## Dataset content
Start of Block
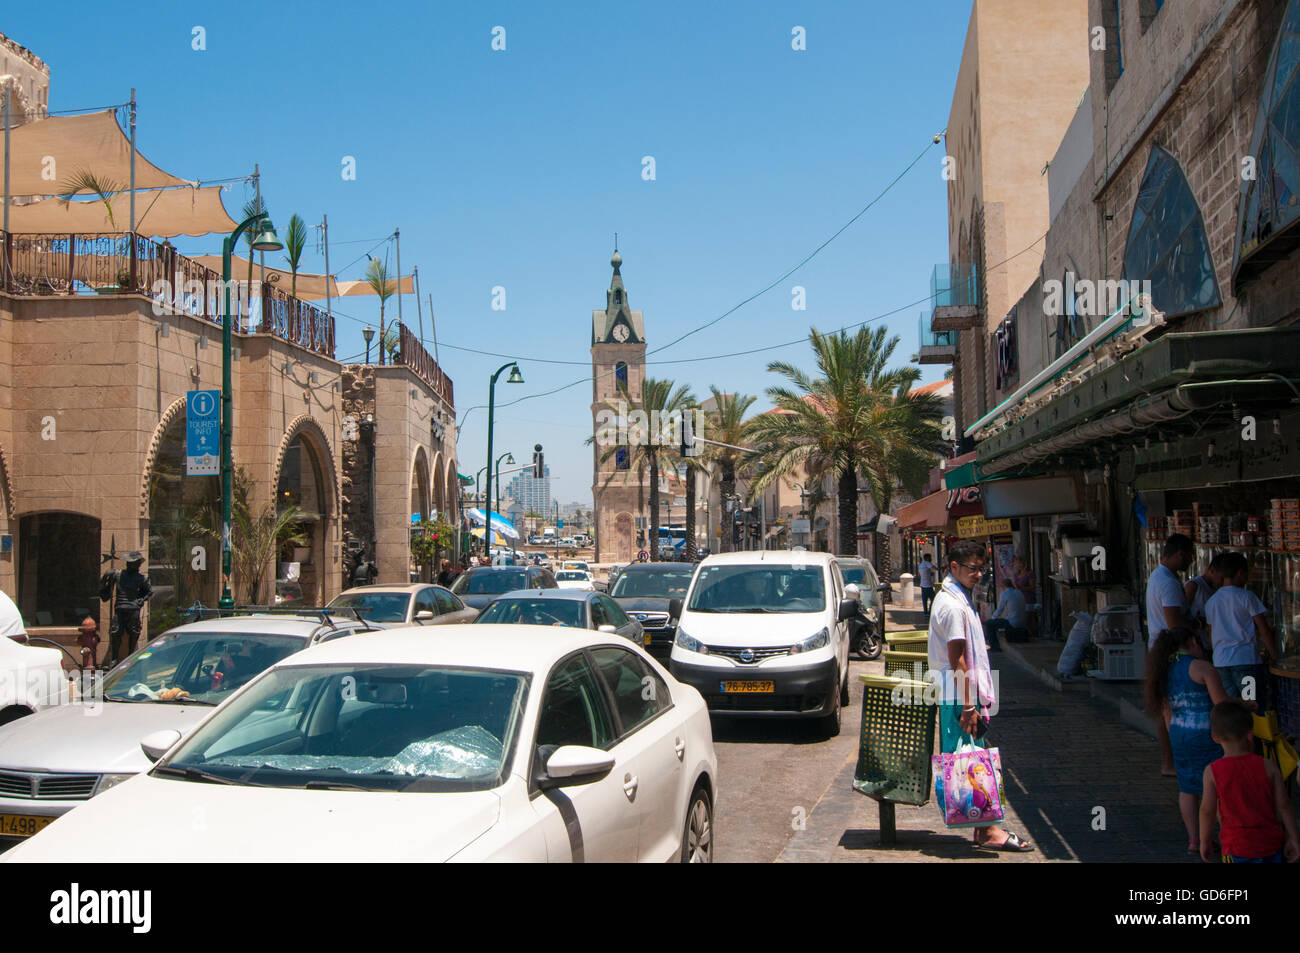 Israel, Jaffa. Yefet Street. The clock tower in the background Stock Photo
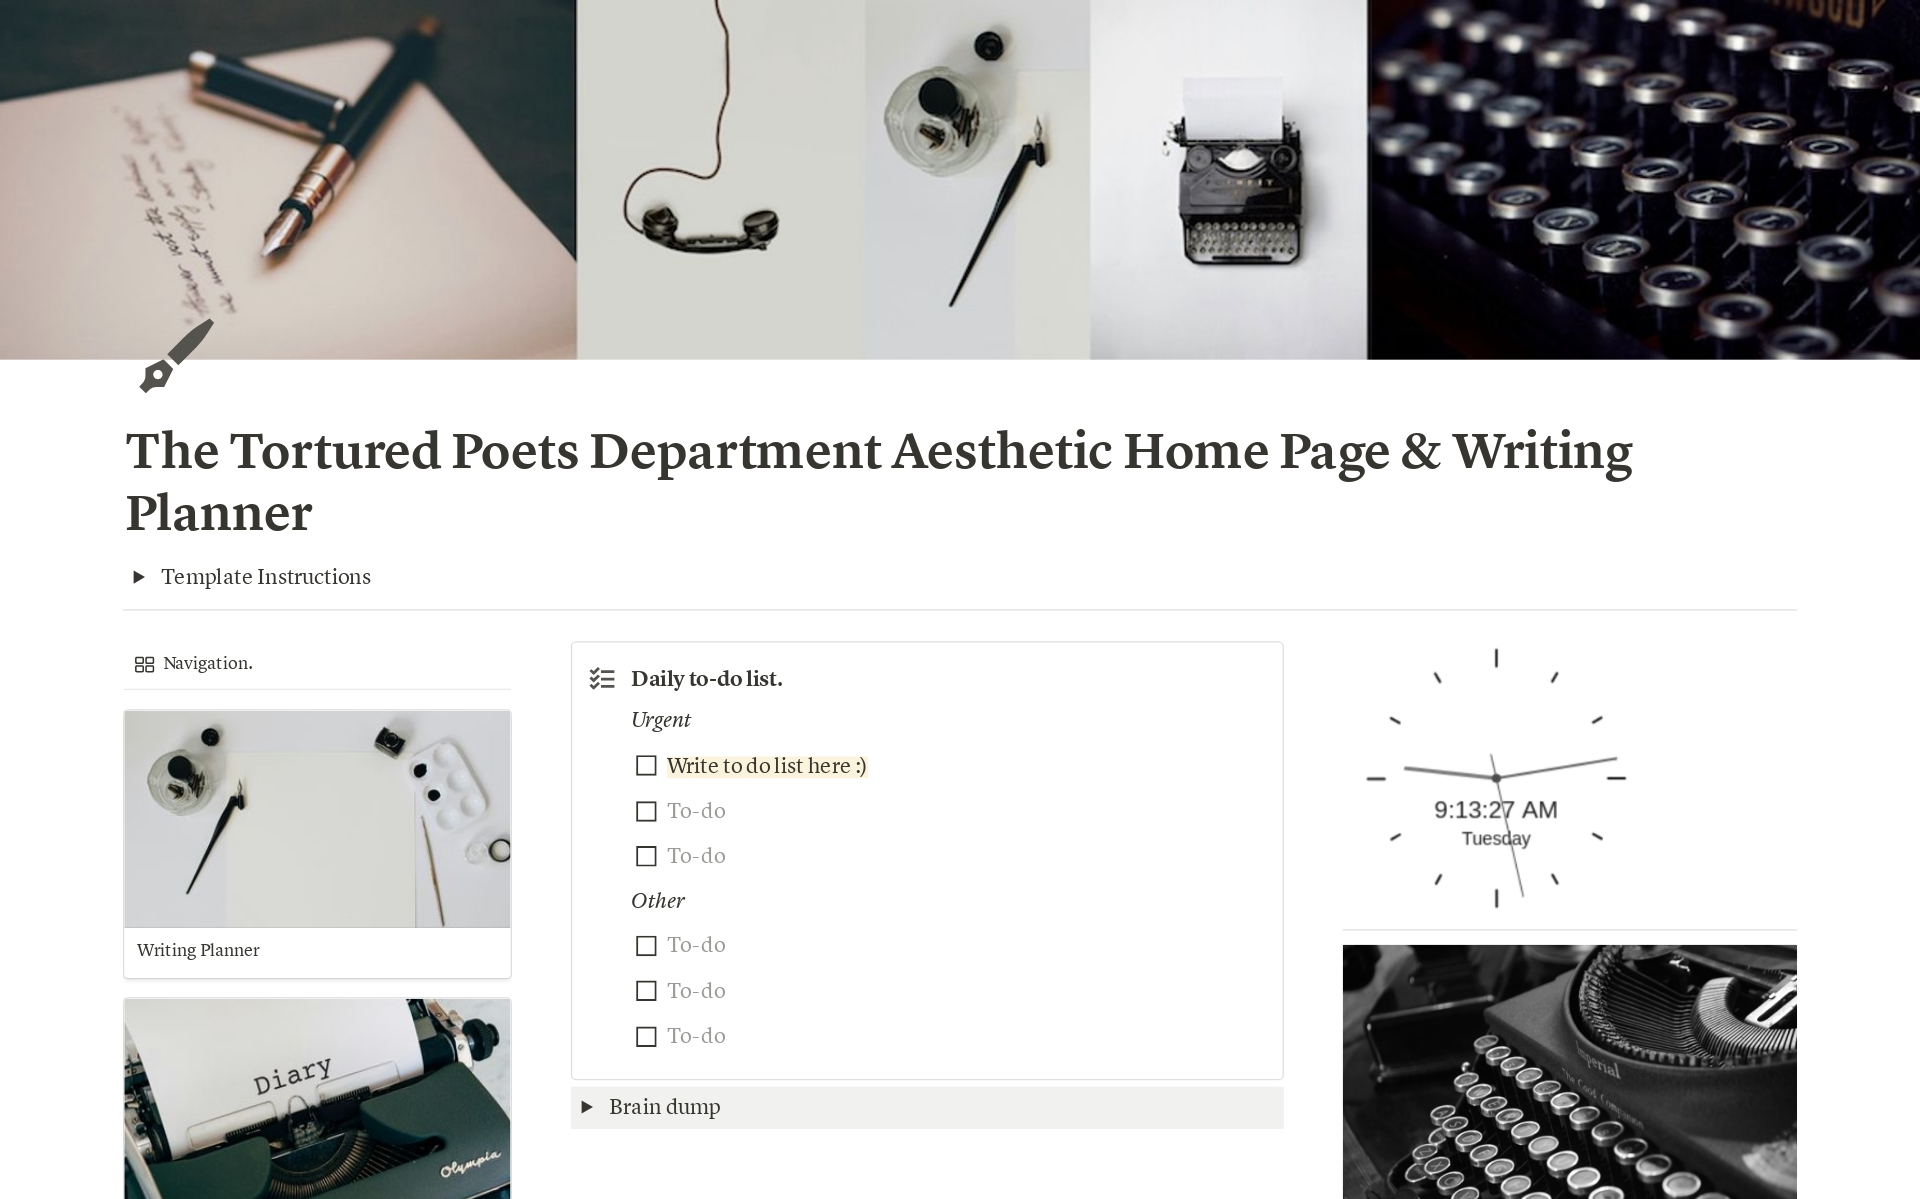 The Tortured Poets Department Aesthetic Home Pageのテンプレートのプレビュー
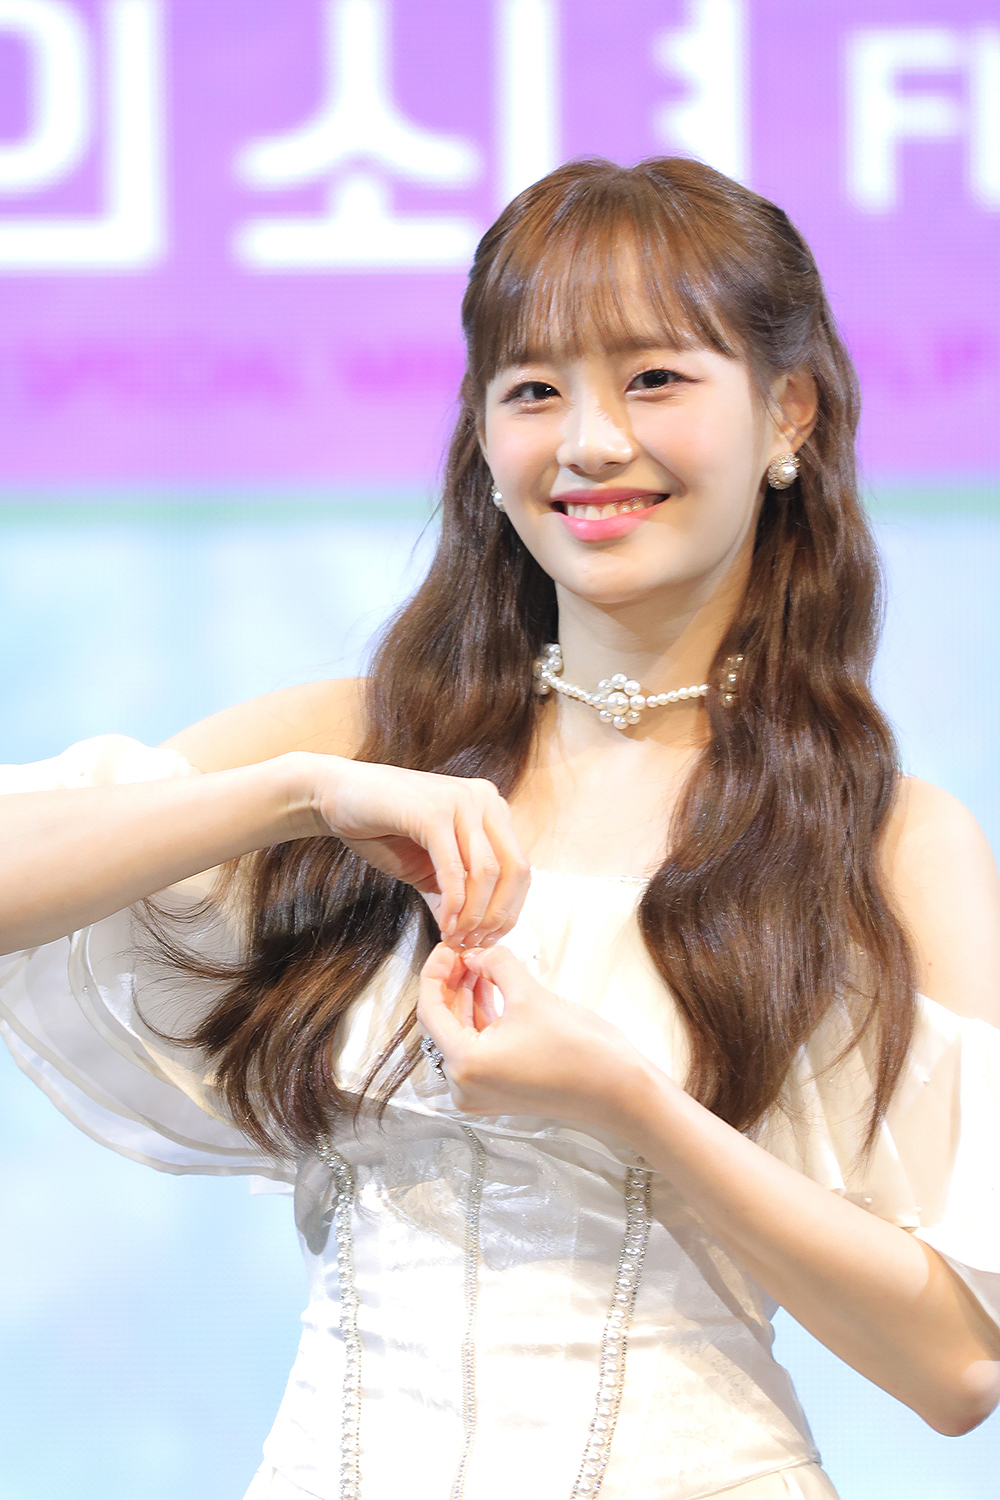 Chuu poses during Loona's press conference for its special album 
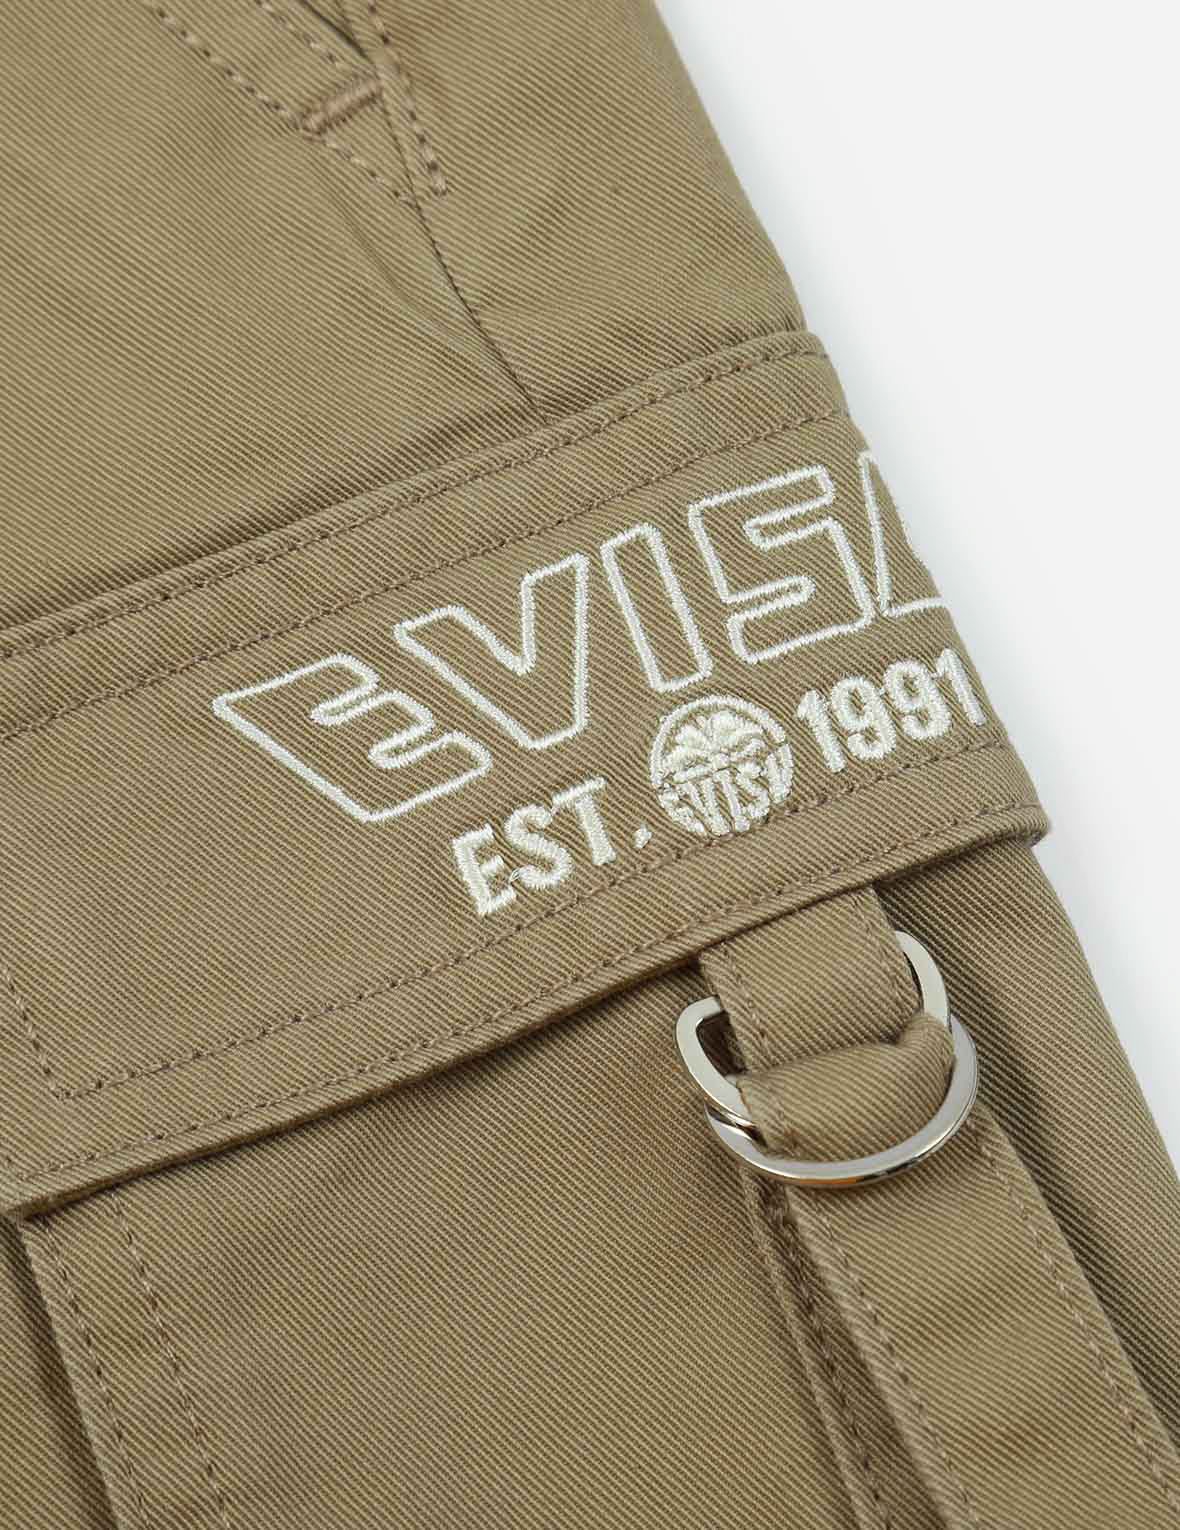 SEAGULL AND LOGO EMBROIDERY CARGO SHORTS - 7
End of Block
## Task requirements
In your output, include only the lines from the line containing "Chuu poses during" through the last line of the material above, exactly as they appear, and leave out the pictures.

## Answer below
 Chuu poses during Loona's press conference for its special album 
 SEAGULL AND LOGO EMBROIDERY CARGO SHORTS - 7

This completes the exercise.